Minister Simon Harris TD speaking at the opening of the Covid-19 Community Assessment Hub at the Mater Hospital. Photographer: Julien Behal
The Mater Hospital, HSE and Safetynet open a Covid-19 Community Assessment Hub aimed at caring for those experiencing homelessness and others unable to access treatment
Minister for Health opens new Hub at the Mater which will care and treat the most marginalised in the inner city
8th May 2020
The Mater Misericordiae University Hospital, HSE and medical charity Safetynet are today launching a Covid Community Assessment Hub which will specifically care for vulnerable groups in the inner city. The Minister for Health Simon Harris TD performed the official opening this morning (Friday 8th May).
This Covid Hub will include an assessment unit at the Mater Hospital and a mobile assessment unit working across the inner city to serve the needs of people living in poverty and those living in congregated settings.
Marginalised groups often live in overcrowded settings which means physical distancing and self isolation or cocooning is difficult or impossible. This increases the risk of spread of the virus.
These communities are also less likely to try to access healthcare for diagnosis in the first place or when they do seek medical attention, they often do not have the supports needed to recover. Safetynet and the Mater Hospital, with the support of the HSE, are partnering to provide a bespoke service which will better suit their needs in the fight against Covid19.
Minister Harris said: “This community assessment hub is a key part of the infrastructure providing a rapid response service to test for Covid-19 among people who are homeless, those living in extreme poverty, undocumented migrants and other vulnerable groups in the inner city.”
"The number of cases of Covid-19 among people who are homeless is less than expected and this is a testament to the effectiveness of this targeted approach. I want to acknowledge the leadership of the HSE, the Mater Hospital and Safetynet in developing this service. Inter-agency cooperation is crucial to provide a coordinated response to the complex health and social needs of people who are homeless and vulnerable, in line with Slaintecare. We owe a huge debt to these frontline workers who are putting their lives at risk in order to save others."

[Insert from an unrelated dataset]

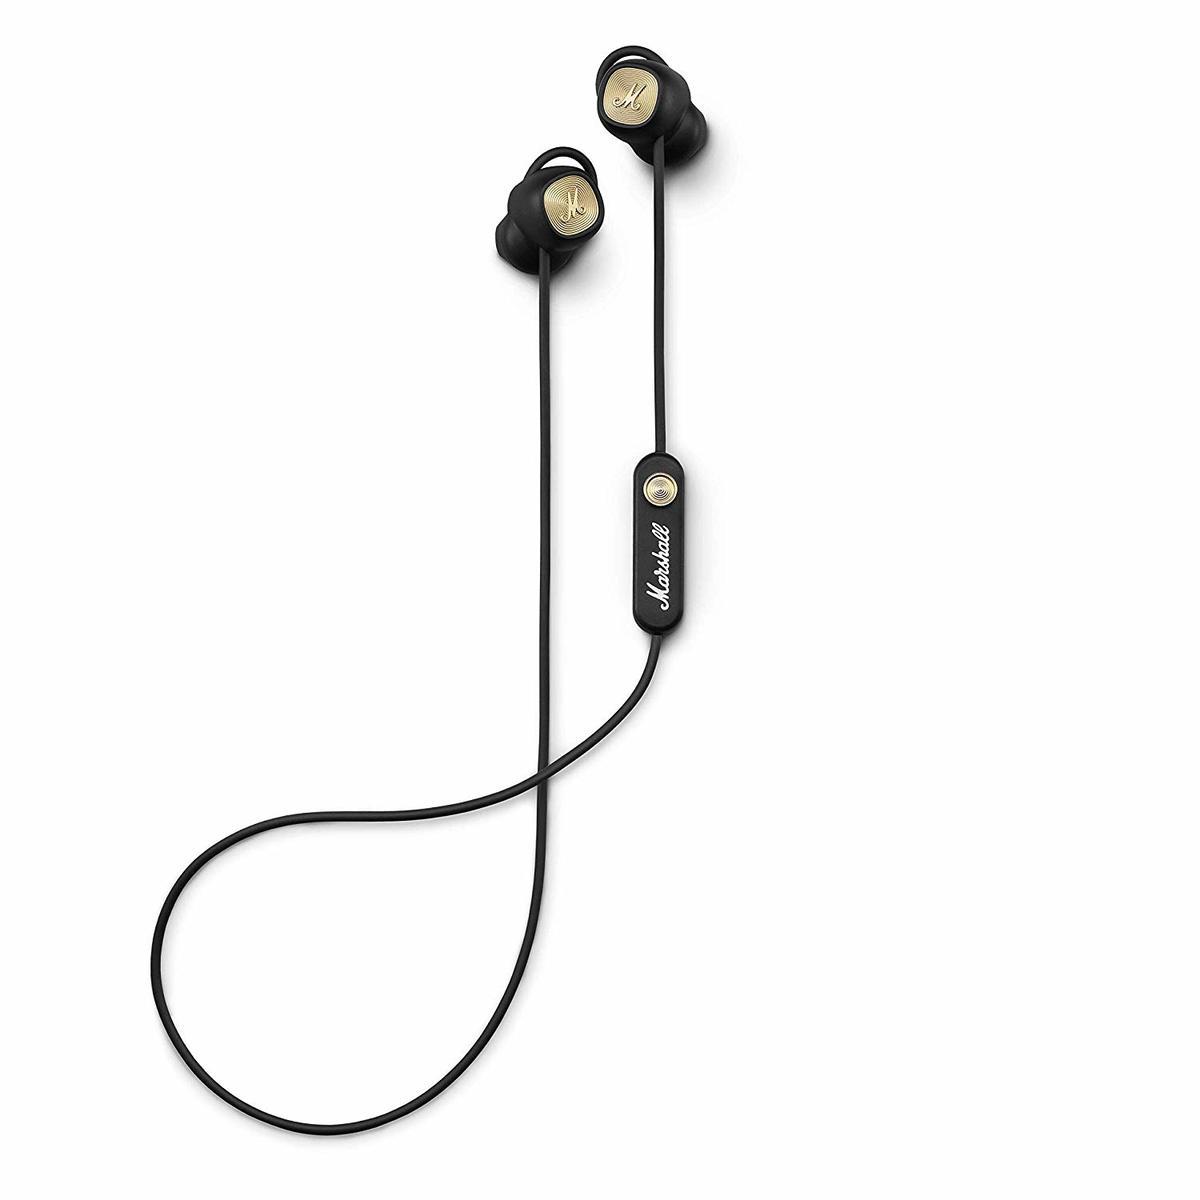 Minor 2 藍牙5.0 APTX無線 14.2 mm dynamic drivers 入耳式耳機黑色

Dr Tara McGinty, Consultant in Infectious Diseases and Inclusion Health at the Mater, said: “The Mater Hospital, along with our GP colleagues from across north Dublin, has always cared for the most vulnerable in our society. Those who are homeless, or from other vulnerable groups such as migrants, or those with substance abuse problems face even greater challenges to halt the spread of the virus and to recover from it, if they contract it. The Covid Hub solution is a much needed and valuable addition to the resources we need to protect and treat these communities.”
The Mater Hospital is making a purpose built assessment facility available to Safetynet Primary Care to assess and treat patients from these marginalised communities. This unit will add much needed capacity to the Safetynet mobile assessment unit that travels to communities across the inner city when required. Daily phone calls will ensure all those in isolation are being monitored and are given in-person assessments when required.
“Safetynet has been providing assessment and monitoring to Covid positive patients via our mobile health unit. This partnership with the Mater and HSE increases our capacity to care for the vulnerable people who do not have access to care,” explains Safetynet’s CEO Dr Fiona O’Reilly. “This approach of healthcare provision works across geographical and institutional boundaries and strengthens the hospital community interface all to the betterment of patient care,” she said.
Mary O’Kelly, Head of Primary Care in CHO7 said: “The HSE has adopted a city wide approach to addressing the needs of vulnerable groups in the greater Dublin area during the Covid19 crisis. Dublin South, Kildare and West Wicklow Community Healthcare Organisation recognise there are vulnerable people who are unable to attend assessment hubs in various locations, do not have access to a GP and who may require the support of additional services including interpretative services and bespoke travel options. The HSE supports the development of a Safetynet mobile and static assessment hub that will combine the national protocol for assessment of those who are Covid positive with additional services to ensure the right service is delivered at the right time in the right place.”
CEO of the Mater, Alan Sharp said: “The Mater is delighted to support Safetynet in their efforts to ensure everyone in the inner city has access to high quality support, testing and care for Covid-19, no matter what your background. This valuable resource strengthens the response at hospital and the community level to support the most vulnerable in our society. It is also very much in keeping with the key ethos of SláinteCare which is about hospitals and the community working closely together to deliver the highest quality care at the most appropriate level.”